Journaliste stagiaire

La Tribune

(Sherbrooke) Les Sherbrookois sont invités à prendre, échanger et partager de la nourriture grâce au frigo libre-service qui trône dorénavant sur la rue Wellington Sud. Le projet Frigo Free Go veut sensibiliser la population au gaspillage et à l'insécurité alimentaire, en plus d'avoir un impact micro local qui pourrait s'élargir à la grandeur de la ville.
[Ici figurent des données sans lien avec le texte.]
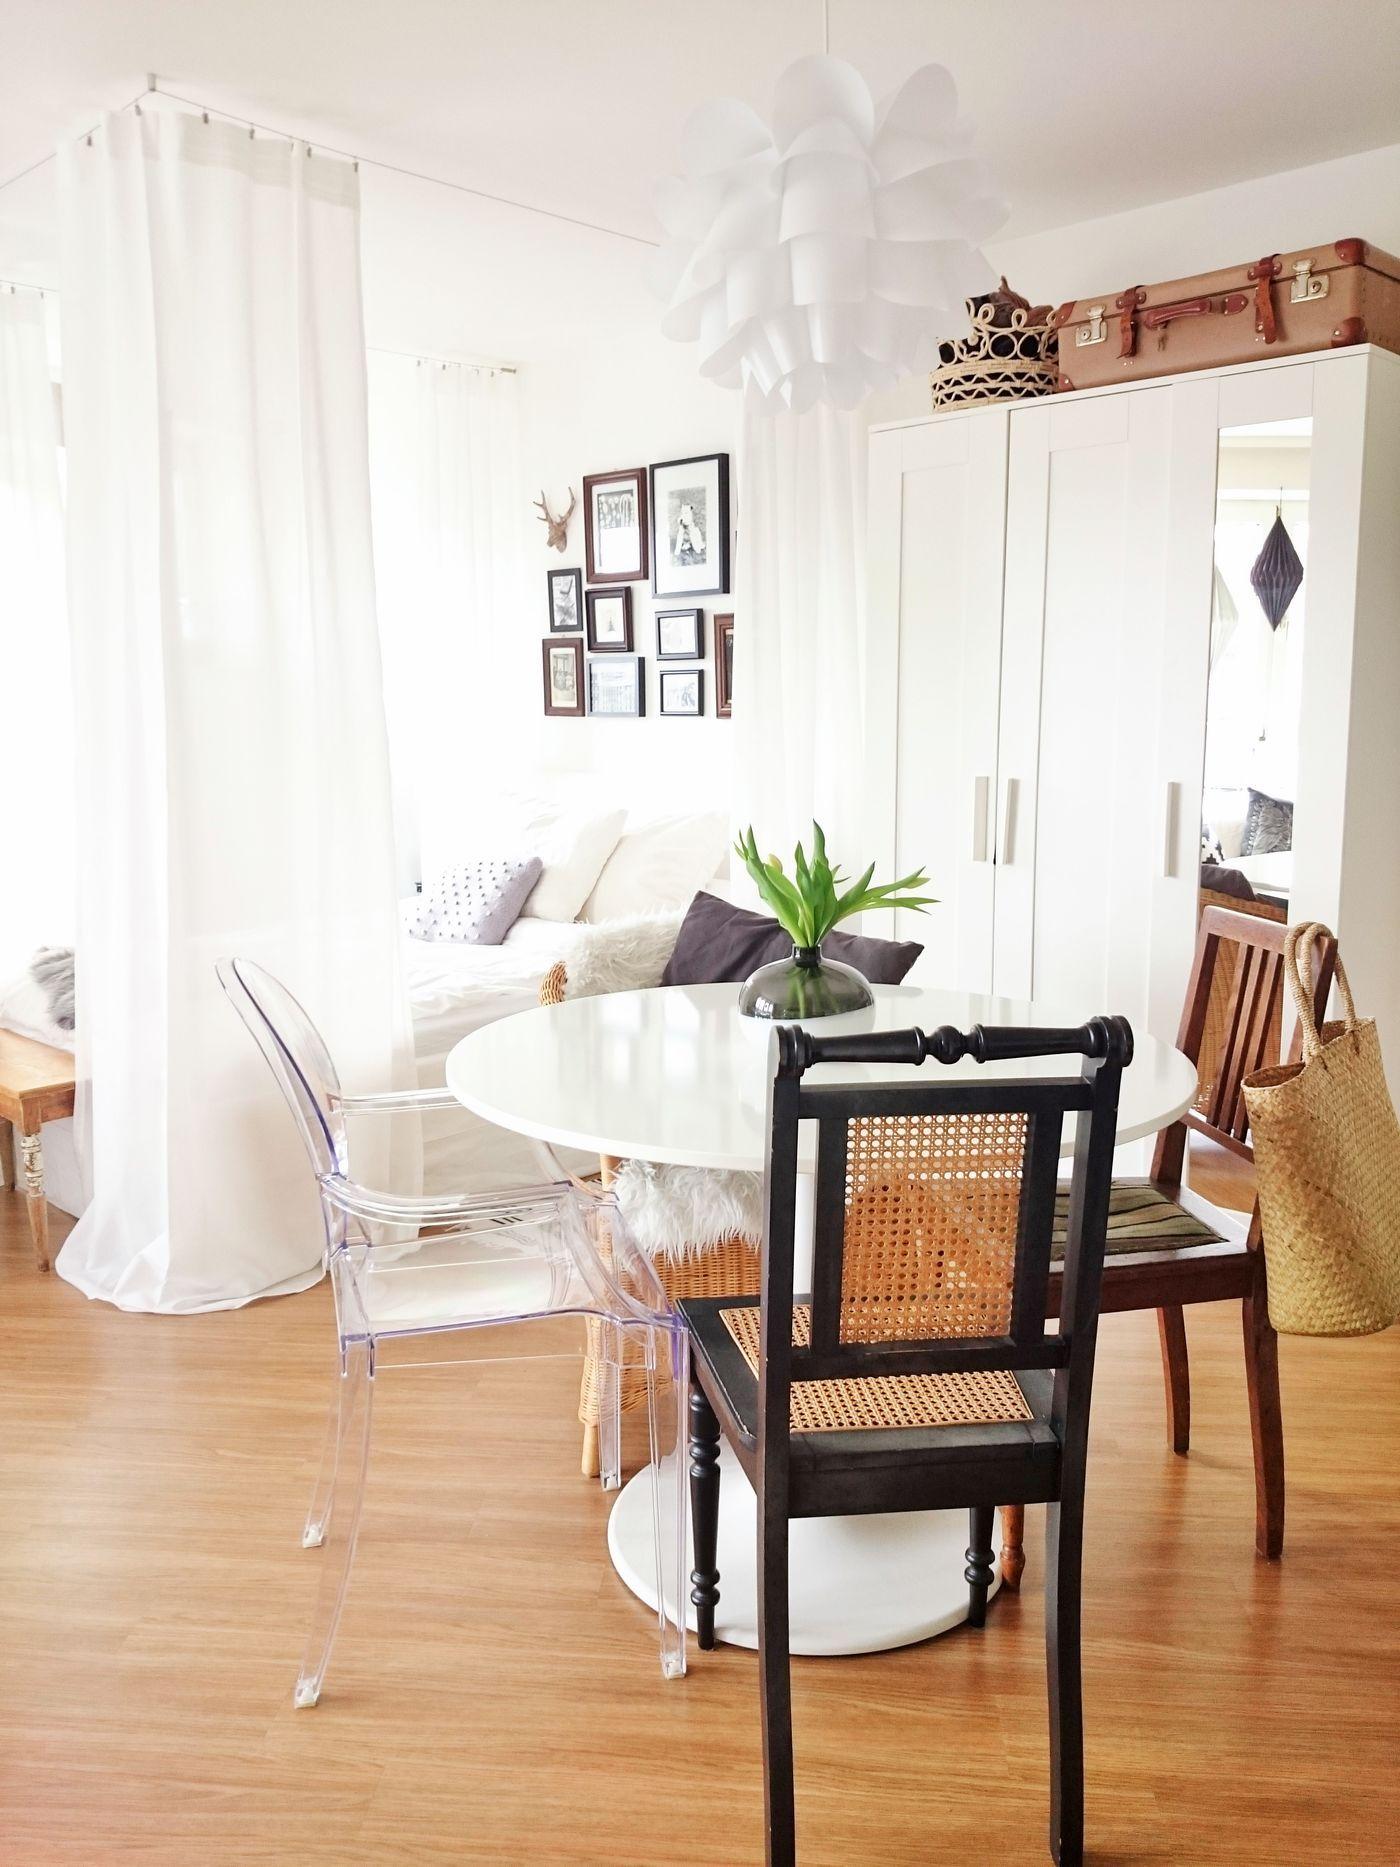 gemutliche einrichtungsideen kleine wohnzimmer, kleine zimmer & räume einrichten, Ideen entwickeln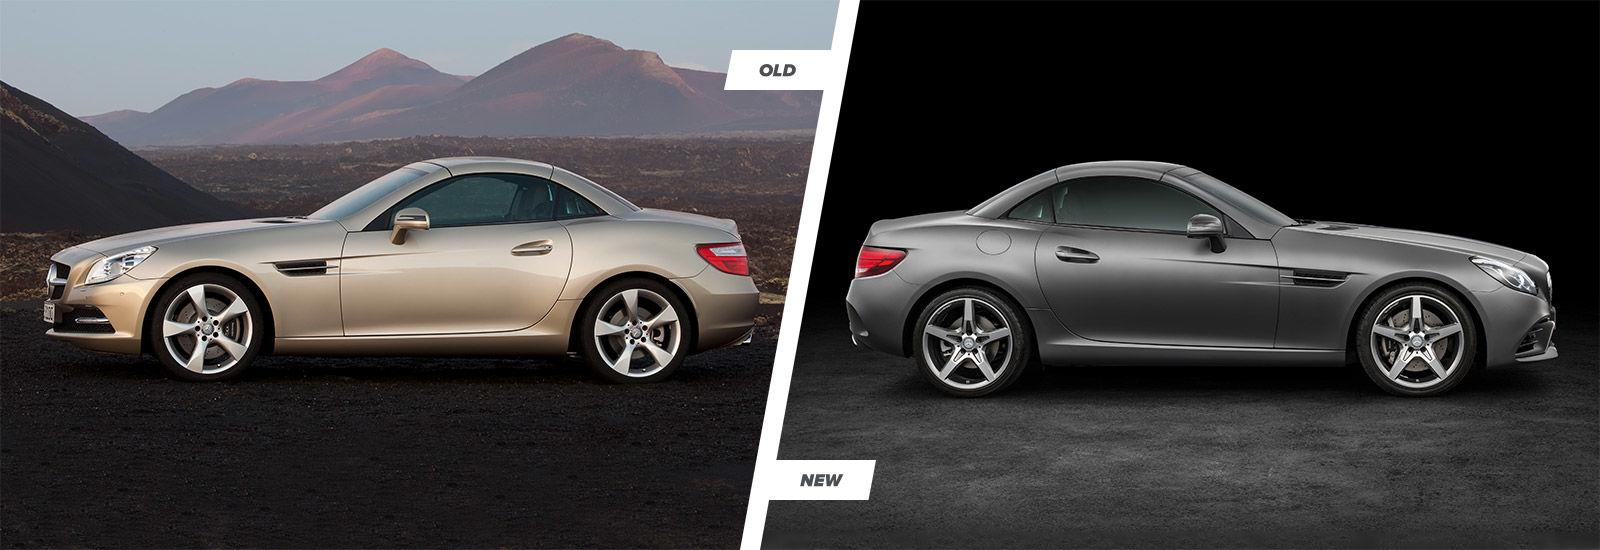 mercedes slc vs slk facelift comparison carwow. Black Bedroom Furniture Sets. Home Design Ideas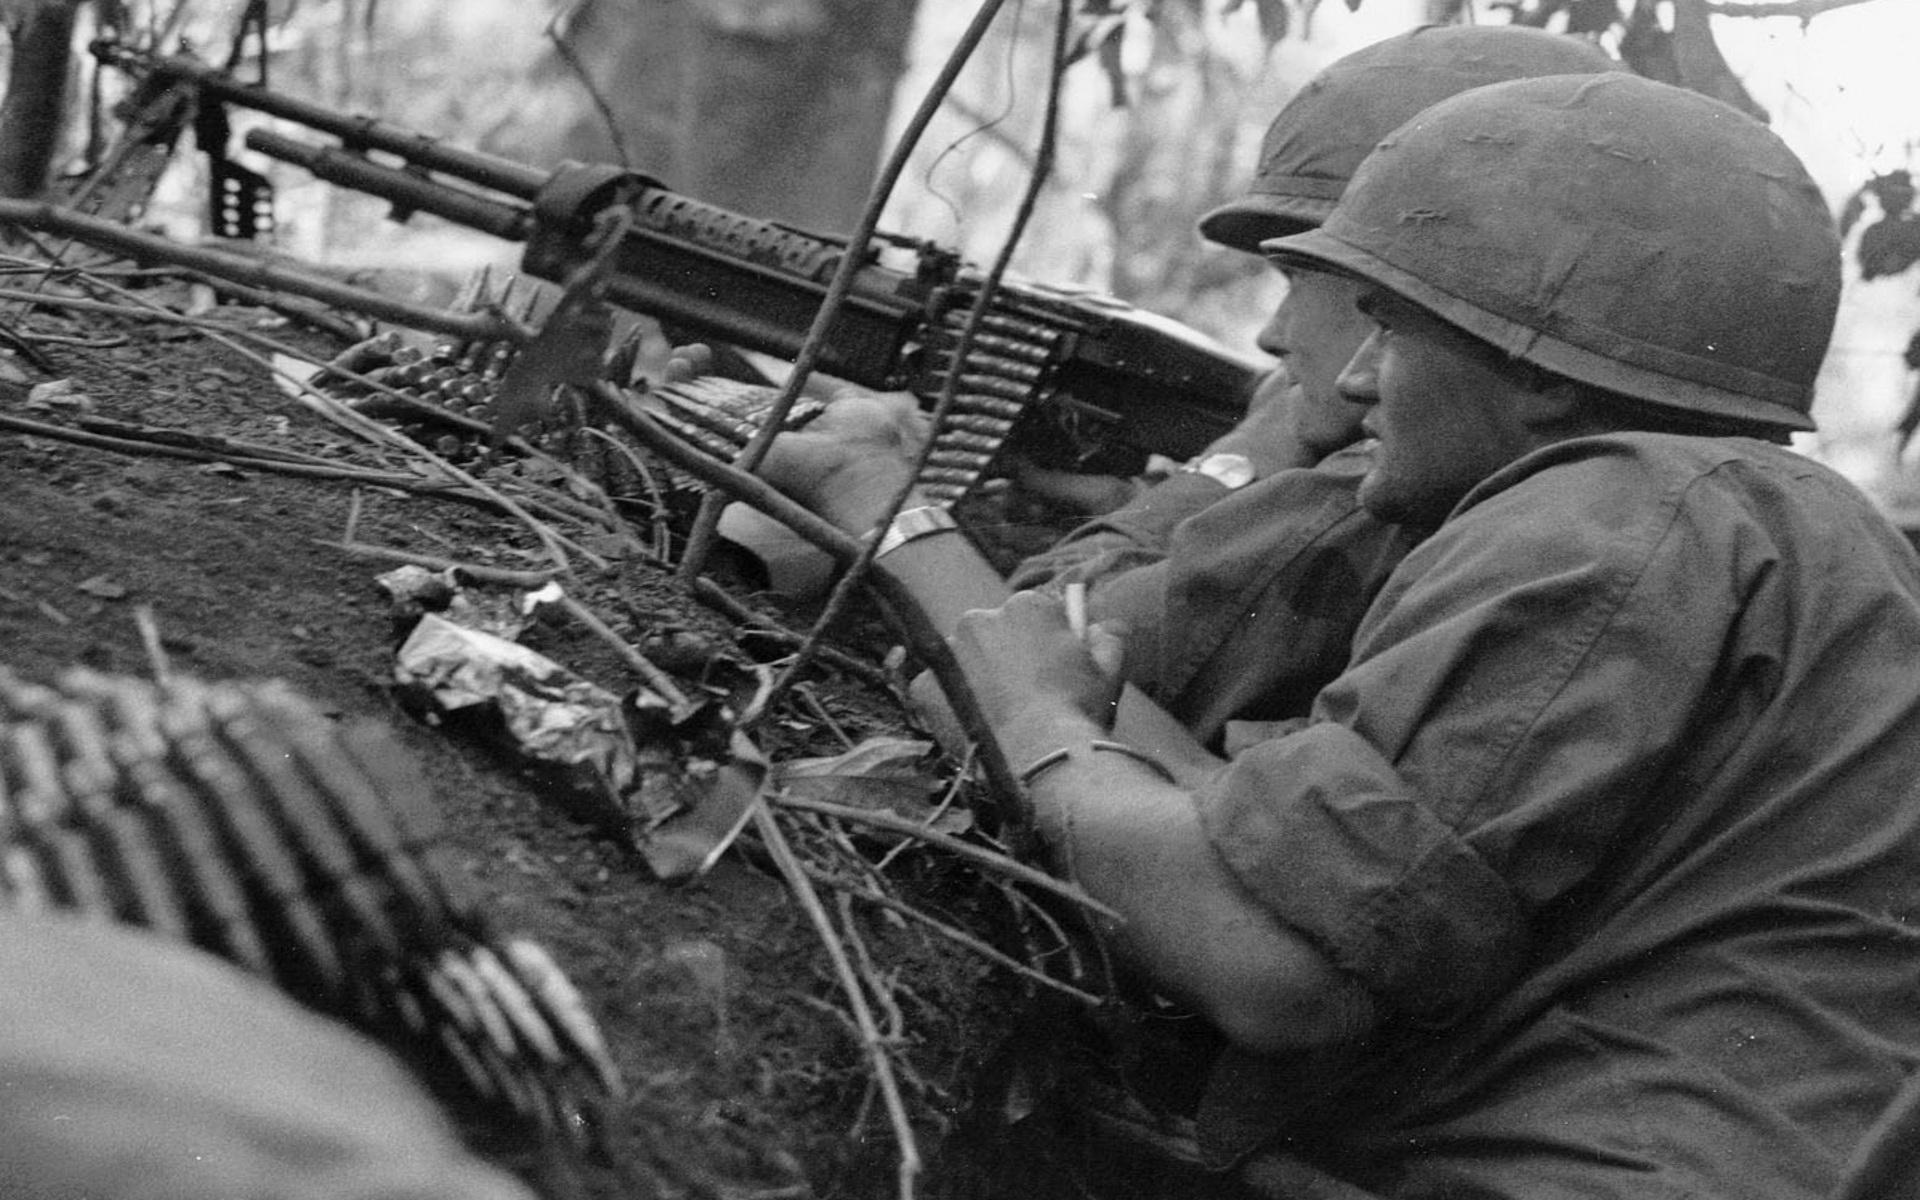 vietnam war wallpaper 24jpg 1920x1200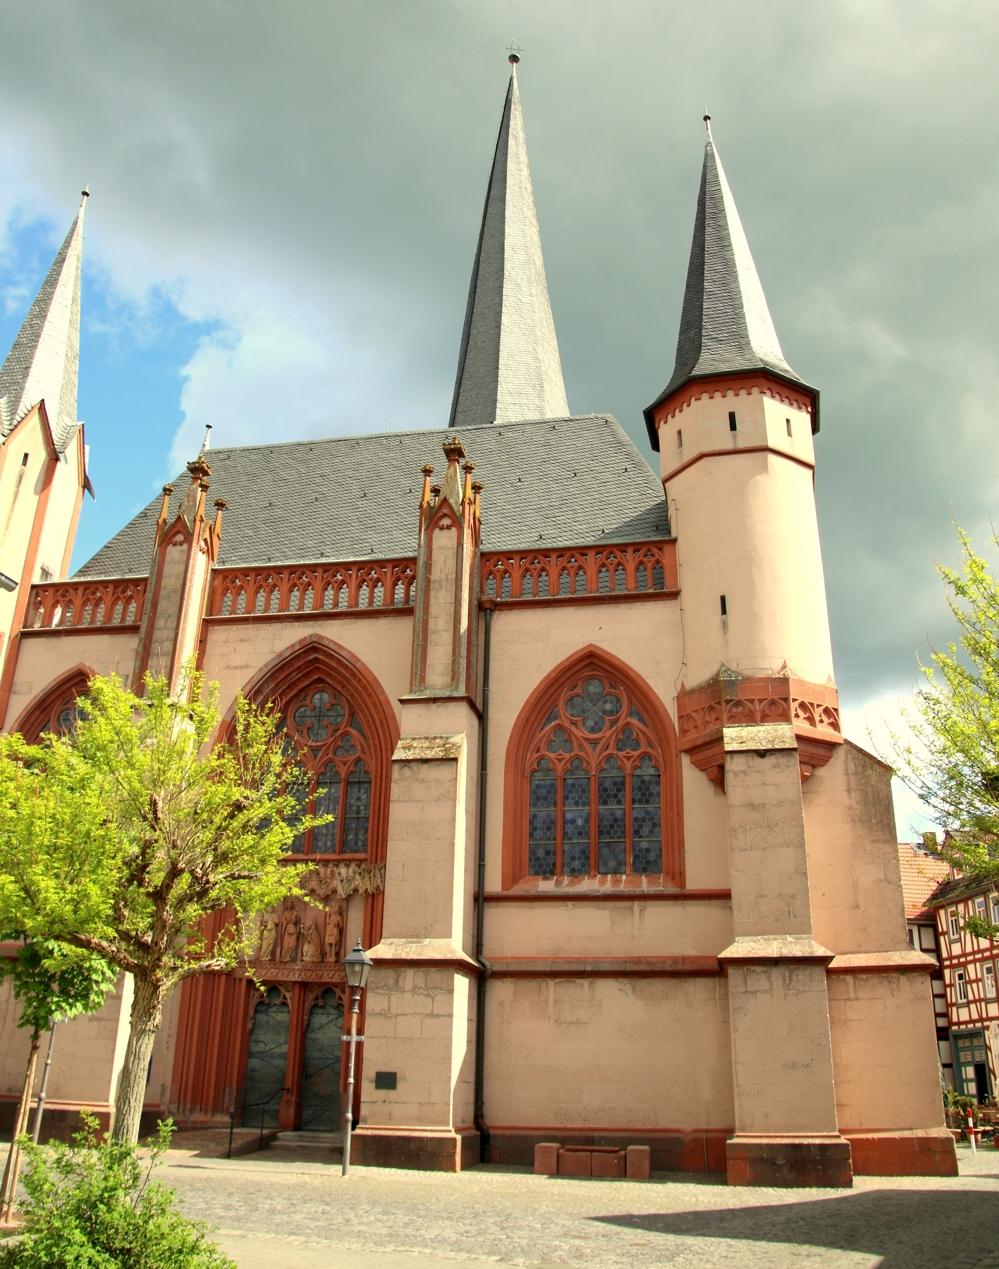 Liebfrauenkirche Schotten, Westseite

Les porteurs du projet, la Corporation de développement économique et communautaire (CDEC) de Sherbrooke, ont mis neuf mois pour donner naissance au Frigo Free Go. Accompagnée de leurs 25 partenaires issus des affaires, du communautaire et du municipal, la CDEC fait sa part dans la communauté en offrant une initiative collective qui n'a jamais été vue à Sherbrooke. « Sachant que 380 000 ménages souffrent d'insécurité alimentaire et que 25 pour cent de diminution du gaspillage pourrait enrayer la famine mondiale, nous pensons que notre projet est très actuel », mentionne Sondès Allal, agente de revitalisation socioéconomique de la CDEC de Sherbrooke.

Le réfrigérateur, qui est ouvert 24 heures sur 24, sept jours sur sept jusqu'à la fin du mois d'août, est le nouveau service alimentaire de proximité. « Son emplacement est très symbolique pour nous. Il y a une énorme différence entre la Wellington Sud et la Wellington Nord », rappelle Mme Allal. La rue est effectivement coupée en deux. Au nord, les restaurants chics, les gens d'affaires et les boutiques de luxe. Au sud, les organismes communautaires, les bars de danseuses et une population qui est plus dans la misère. « On veut que ces deux mondes se rencontrent. »

Le Frigo Free Go est déjà débordant de fruits, de légumes et de pain. « C'est l'aspect visible de quelque chose de plus grand », explique Sondès Allal. Il n'est cependant pas simplement utilisé à des fins alimentaires. « Nous voulons sensibiliser la population au gaspillage, sachant que 40 pour cent de la nourriture produite n'est pas consommée », ajoute Mme Allal.

Elle rappelle également que si tout le monde fait un peu sa part dans la communauté, c'est mieux que de ne rien faire du tout. « Ce projet est un exemple qui montre qu'on est capable, par la collectivité, d'influer sur notre milieu, même en période de coupes et d'austérité. »

La nourriture sera offerte par des citoyens, mais aussi par des commerces comme la boulangerie Dufeu ou la ferme La Joualvert qui y déposeront les surplus alimentaires de leurs productions. Moisson Estrie s'est également engagé à partager ses surplus deux fois par semaine. « Ce n'est pas parce qu'il est écrit ''meilleur avant'' que ça signifie ''jeter après'' », souligne Geneviève Côté, directrice générale de Moisson Estrie. Cinq organismes se sont proposés pour entretenir et nettoyer tous les jours le réfrigérateur. Au total, la contribution des partenaires s'élève à 20 635 $ pour ce projet.